- DATA EXCERPT:
────────────────────────────────────────

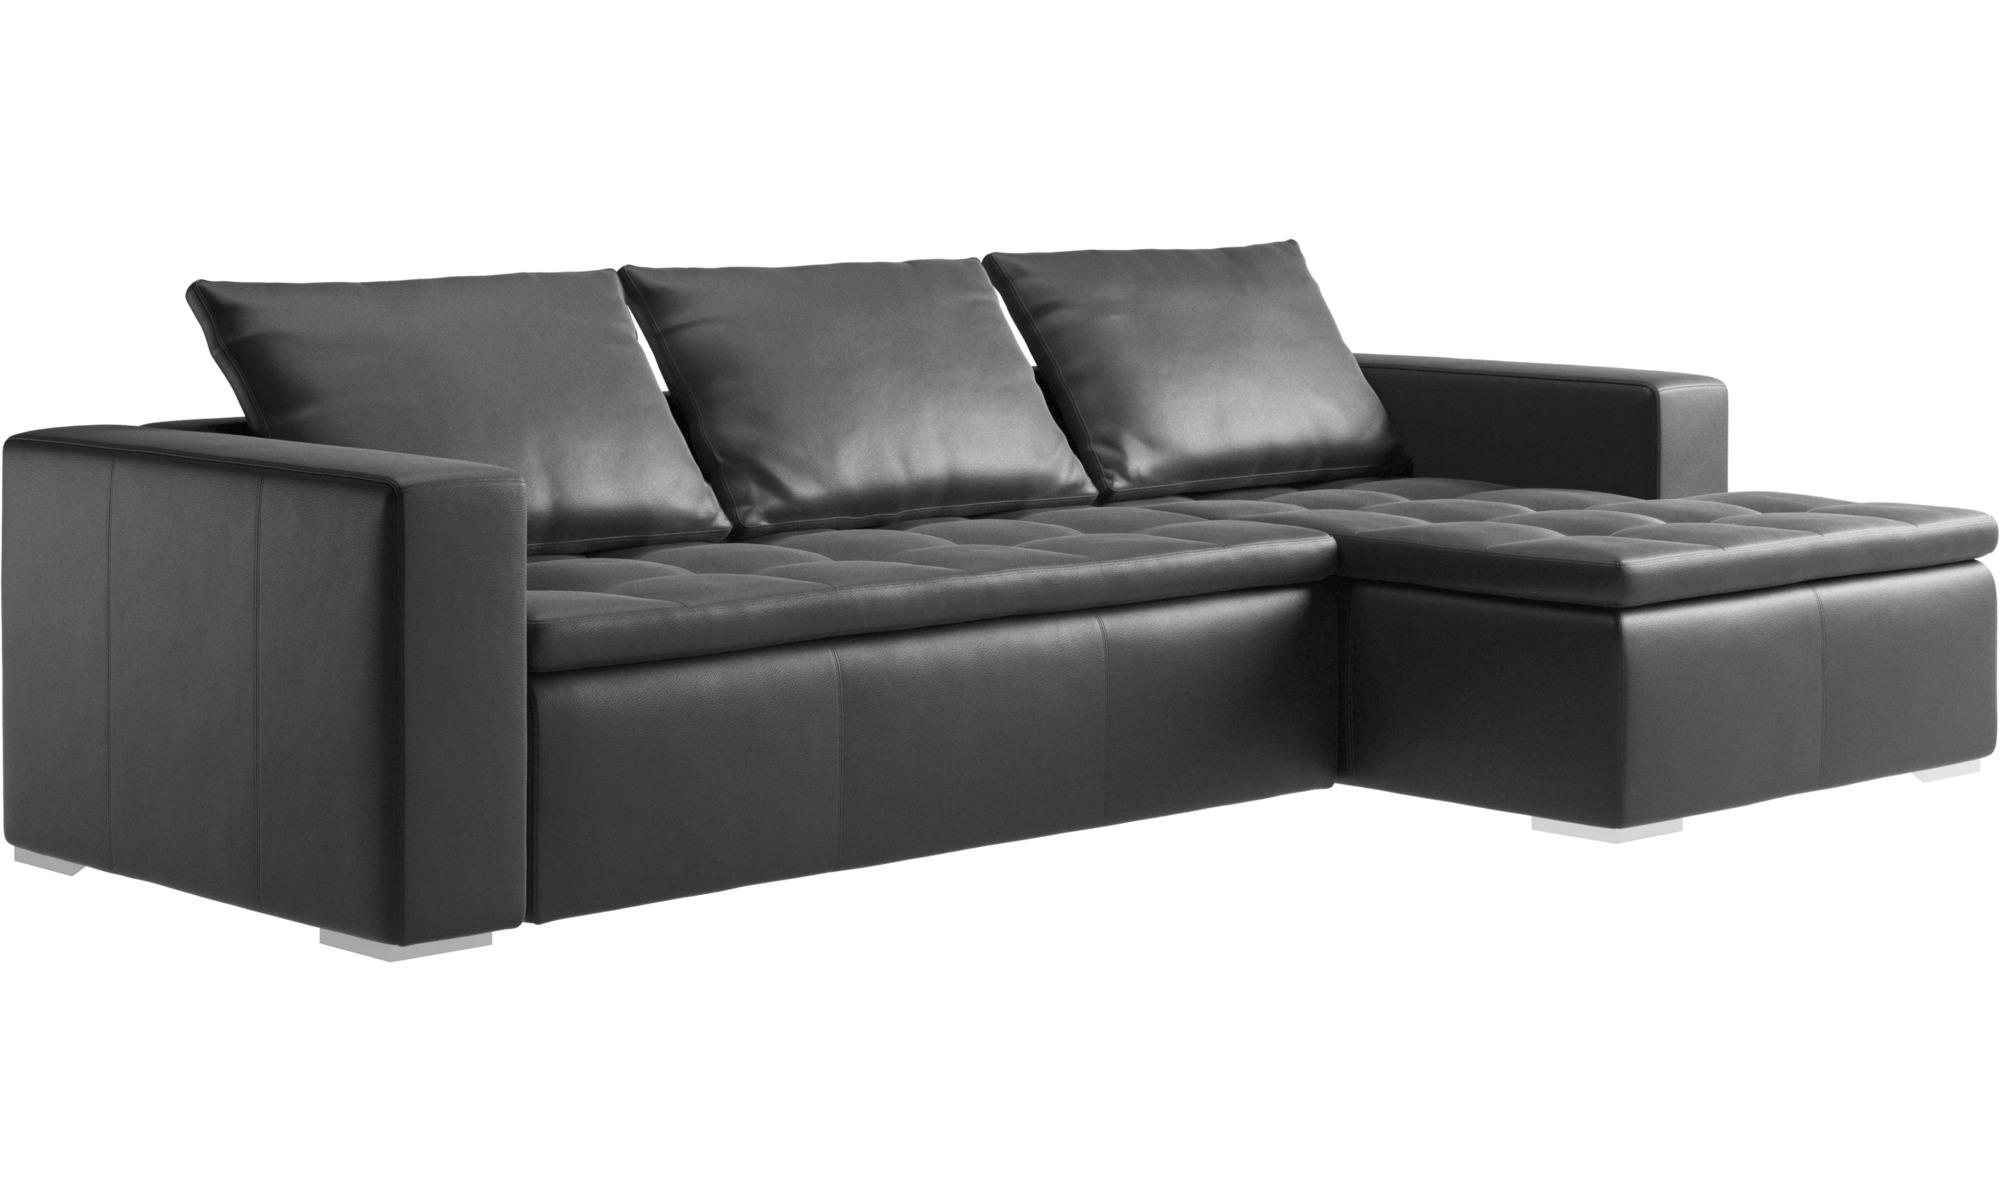 chaise longue sofas mezzo sofa with resting unit boconcept. Black Bedroom Furniture Sets. Home Design Ideas
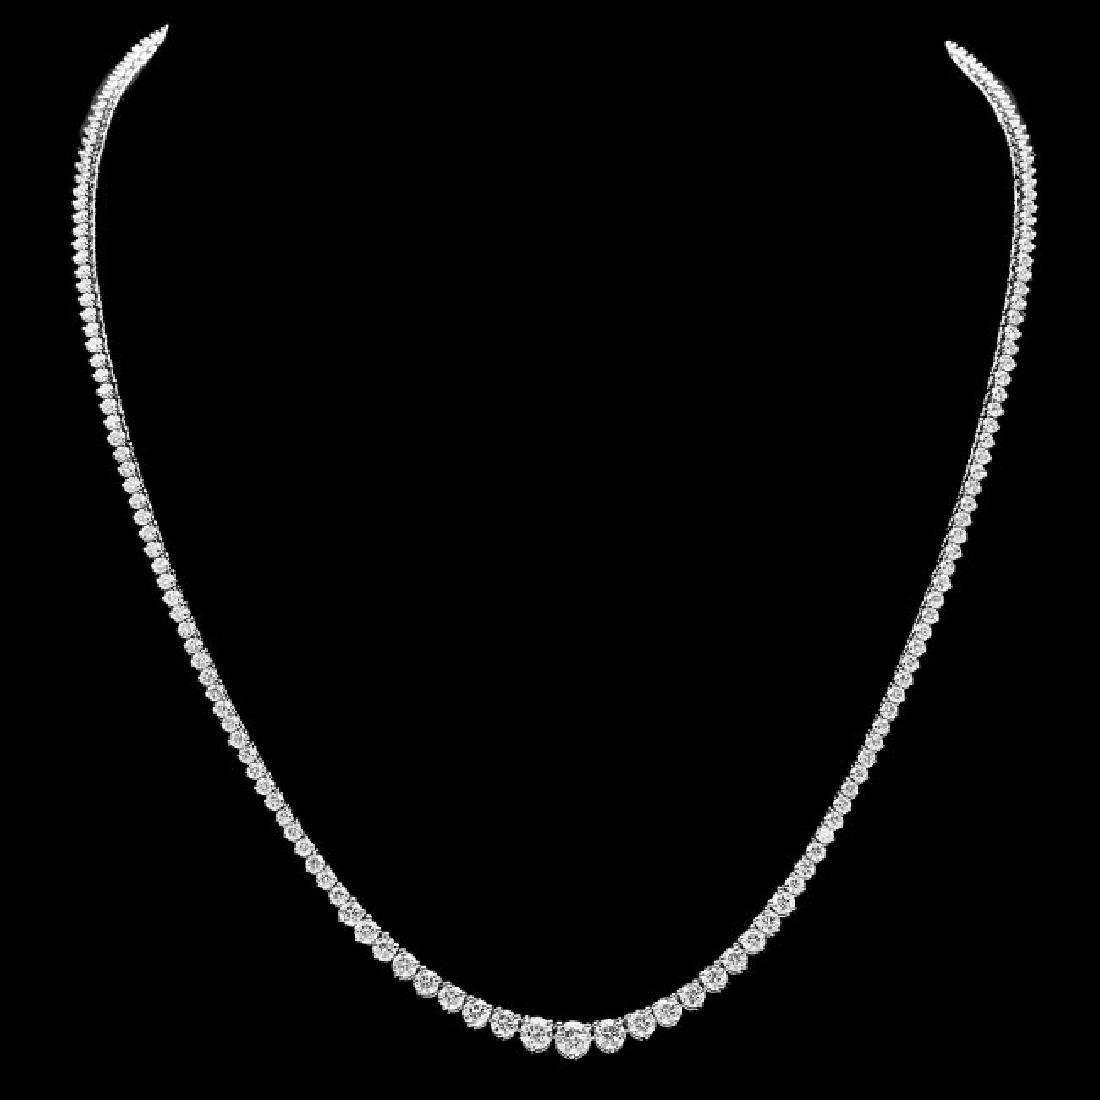 14k White Gold 9.30ct Diamond Necklace
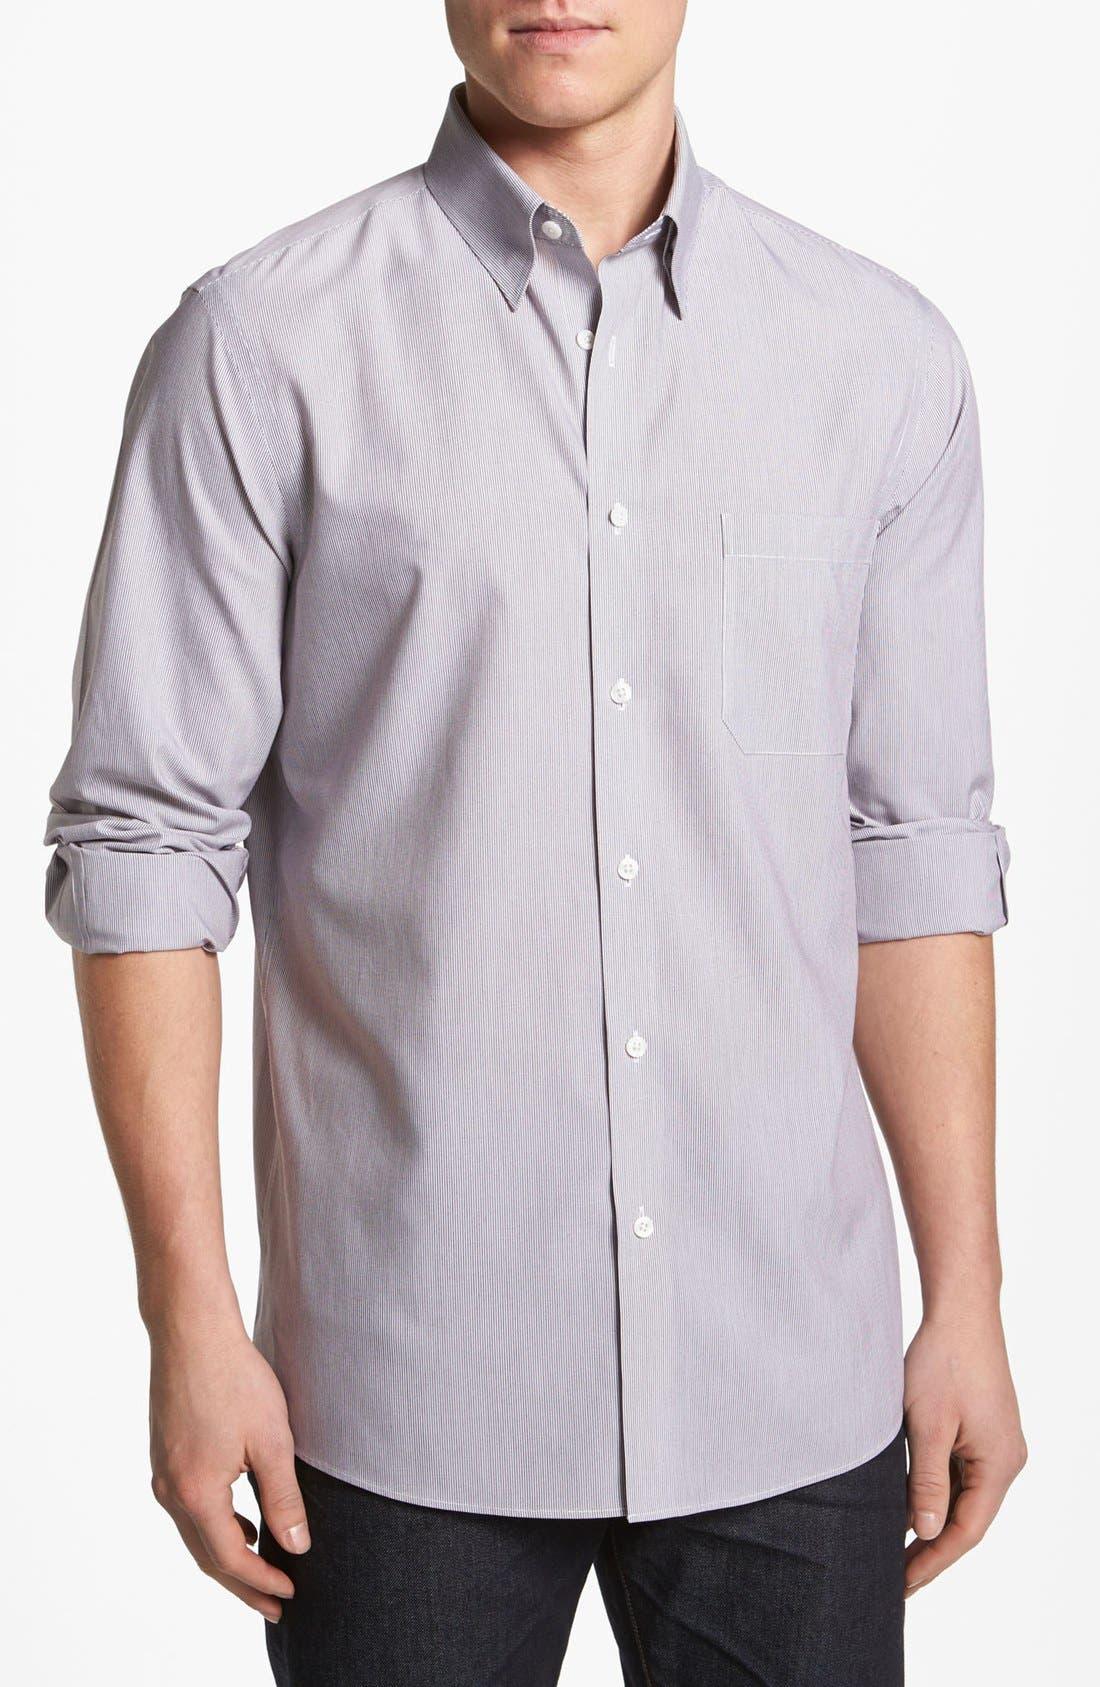 Alternate Image 1 Selected - Nordstrom Smartcare™ Striped Poplin Sport Shirt
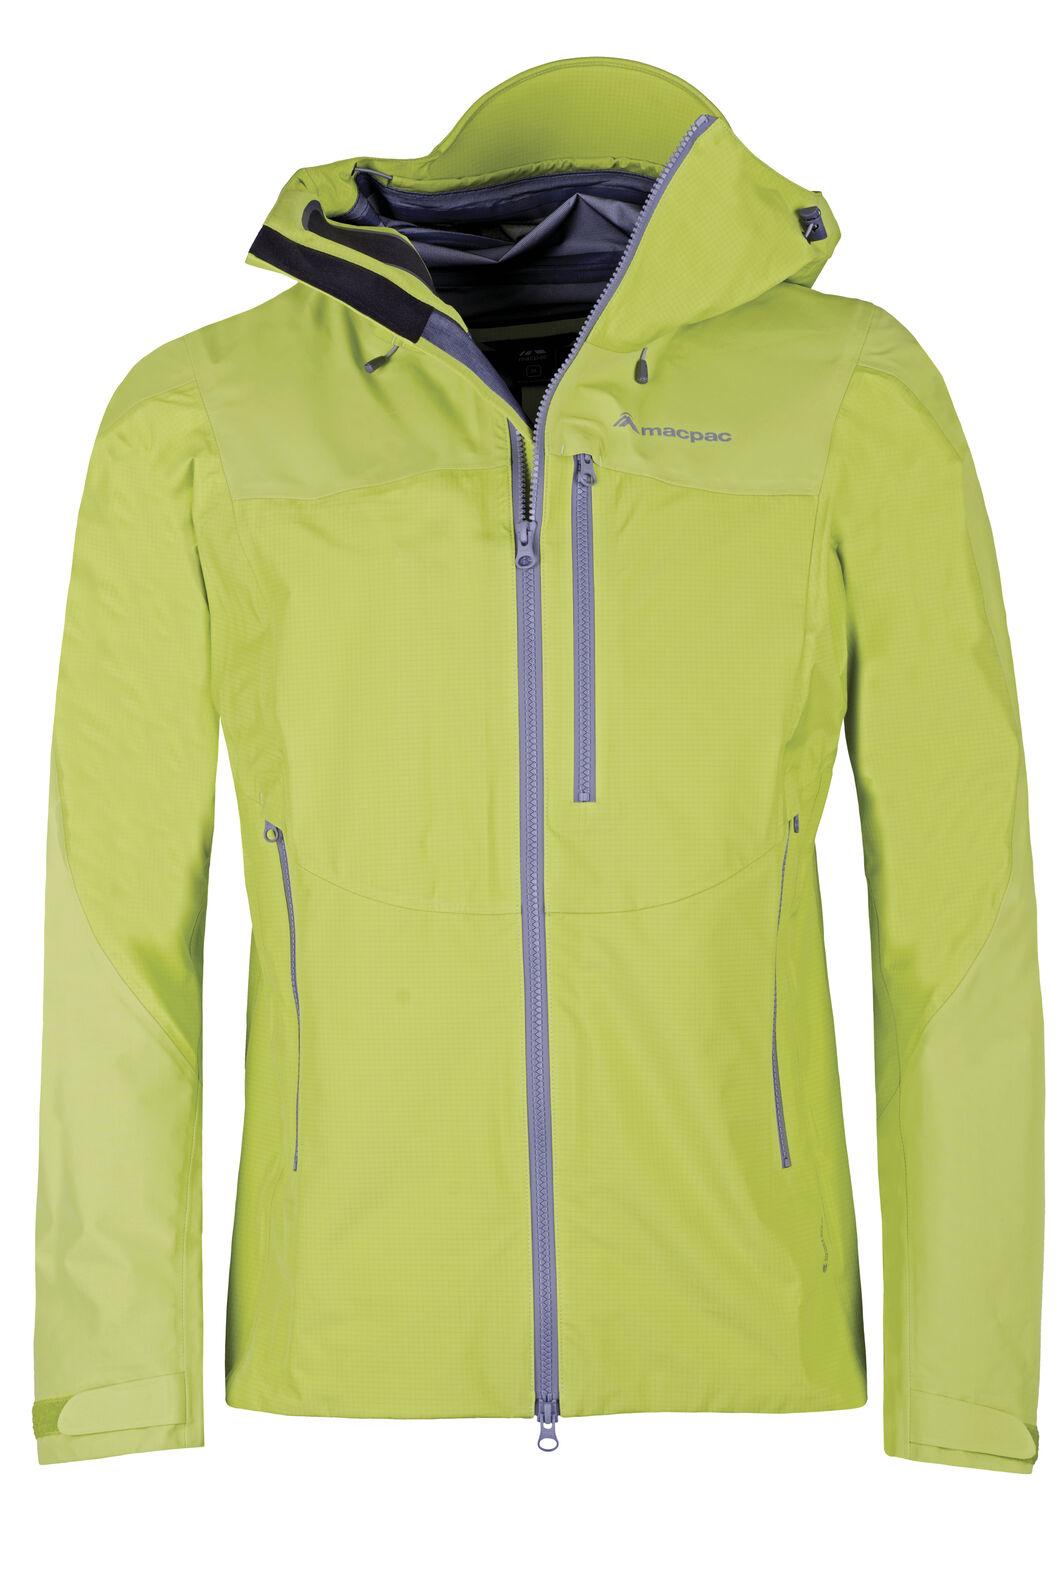 Macpac Lightweight Prophet Pertex® Rain Jacket - Men's, Apple, hi-res

────────────────────────────────────────

- EXERCISE INSTRUCTIONS: An exact copy of the listing is required; return it without any pictures.

- COMPLETED TASK:
 chaise longue sofas mezzo sofa with resting unit boconcept. Black Bedroom Furniture Sets. Home Design Ideas
 14k White Gold 9.30ct Diamond Necklace
 Alternate Image 1 Selected - Nordstrom Smartcare™ Striped Poplin Sport Shirt
 Macpac Lightweight Prophet Pertex® Rain Jacket - Men's, Apple, hi-res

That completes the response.